Fisher’s ingenious idea was to randomly mix up the allocation of fertilizer to field. So, if he had 10 fields, he would randomly allocate Fertilizer A and Fertilizer B between them. By using this procedure, if there were any differences between the fields, they would not systematically influence the crop yield associated with either fertilizer.
Also, Fisher was not prepared to accept the results of just one experiment (Healy, 2012). He reasoned that if the same experiment was repeated 20 times and, on at least 19 of those times the field that was fed with Fertilizer A produced more grain than the field receiving Fertilizer B, then it would be reasonable to conclude that Fertilizer A was indeed a better fertilizer than Fertilizer B in terms of crop yield.

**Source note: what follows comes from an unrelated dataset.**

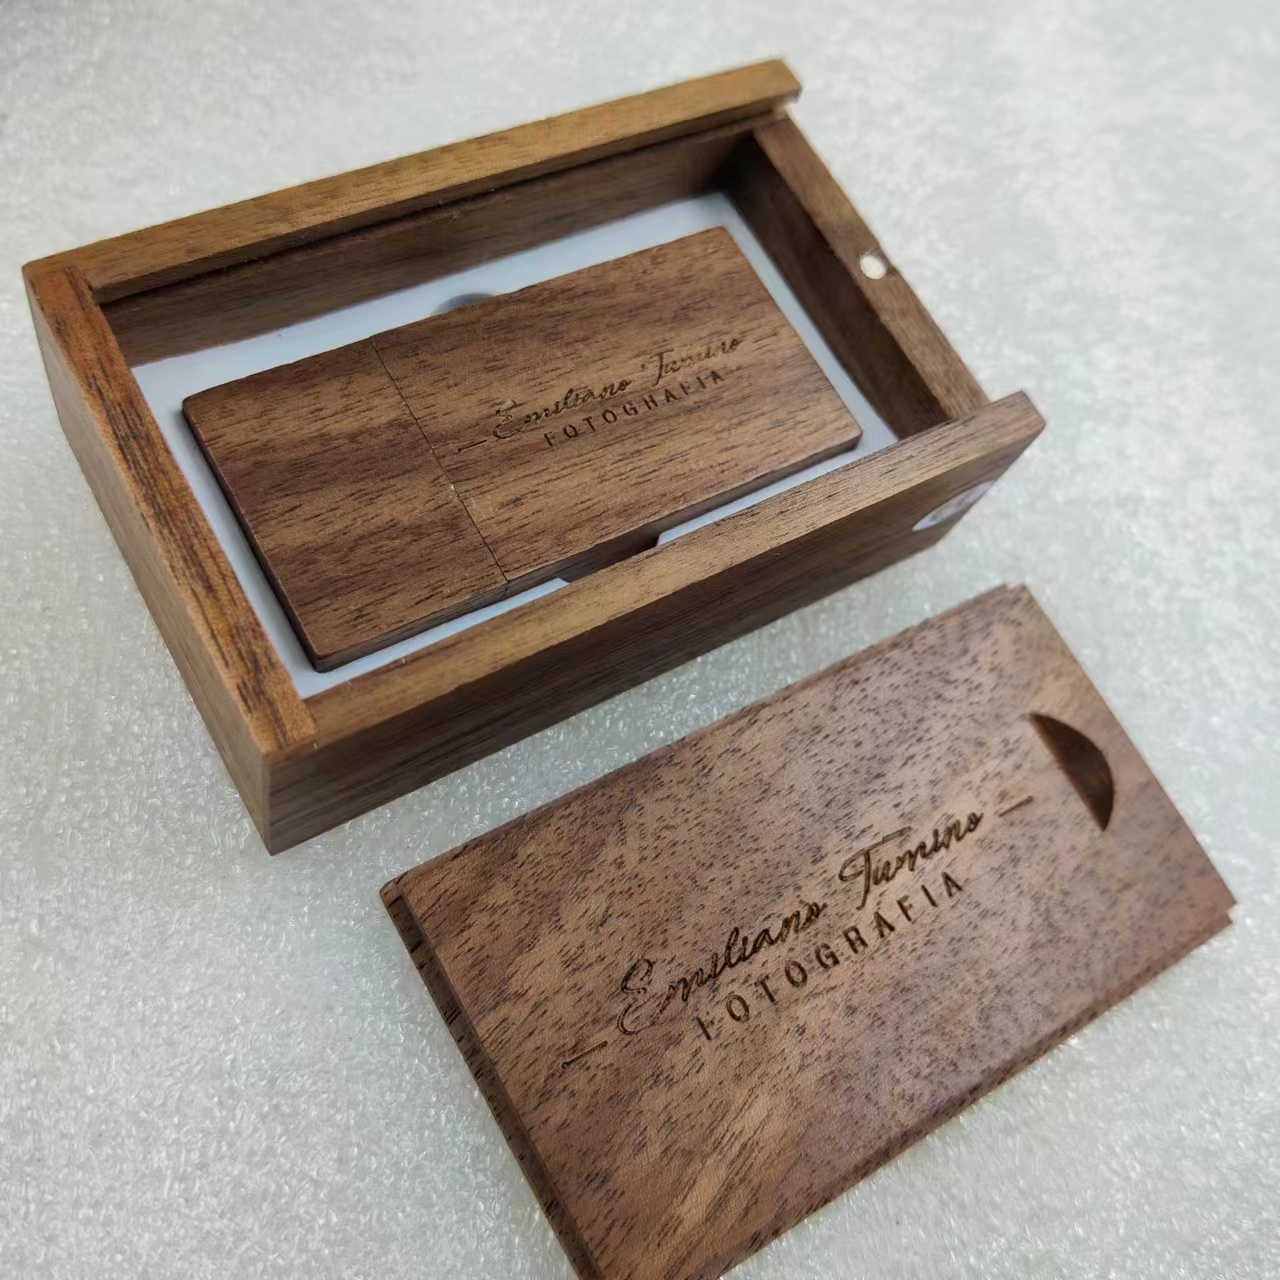 Walnut wooden Usb drives and boxes

The idea of having a standard for a particular result being repeated a specified number of times forms the basis of statistical significance. Testing for statistical significance in this fertilizer example begins with the assumption that there is no difference in impact on crop yield between the two fertilizing agents. Suppose in one experiment there is a difference of 15 units of crop yield between Fertilizer A and Fertilizer B. Should we conclude that Fertilizer A is better? Or, could it be that the soil in the field upon which Fertilizer A was sprinkled was already more enriched than the field to which Fertilizer B was scattered. If it is unlikely that this result would occur just by luck or chance or nature’s whim, then we conclude that it is a statistically significant result indicating that there is an actual difference between the fertilizers.
Randomization and statistical significance are two of the fundamental ingredients of the research methodology known as the Randomized Controlled Trial (RCT) which is widely regarded as a “gold standard” of evidence (Healy, 2012). From this perspective, the results obtained through an RCT are considered to be more noteworthy and more believable or dependable than results obtained by other means. It is now increasingly recognised, however, that the idea of a hierarchy of evidence is “fundamentally wrong” (Jadad & Enkin, 2007, p. 106). The “best evidence” is obtained in any particular situation by matching an appropriate methodology to a well-articulated and meaningful research question.
An RCT is simply a research tool and, as a tool, it can be used in a variety of ways. Unfortunately, the idea of a hierarchy of evidence seems to be hypnotically seductive for many people and powerfully useful for the drug companies. In order to get a drug to market, regulators in the US such as the Food and Drug Administration (FDA) and also in Europe, only require the drug companies to produce two RCTs with statistically significant positive results (Healy, 2012). Perhaps this very low standard has contributed to the fact that RCTs can be much more useful as marketing tools for drug companies than for discovering new and useful ways for people to live healthy and meaningful lives.
Why should two RCTs with statistically significant positive results be considered a low standard? Partly because of the nature of statistical significance and partly because a standard such as this makes no comment about how many RCTs there might have been that showed a negative result.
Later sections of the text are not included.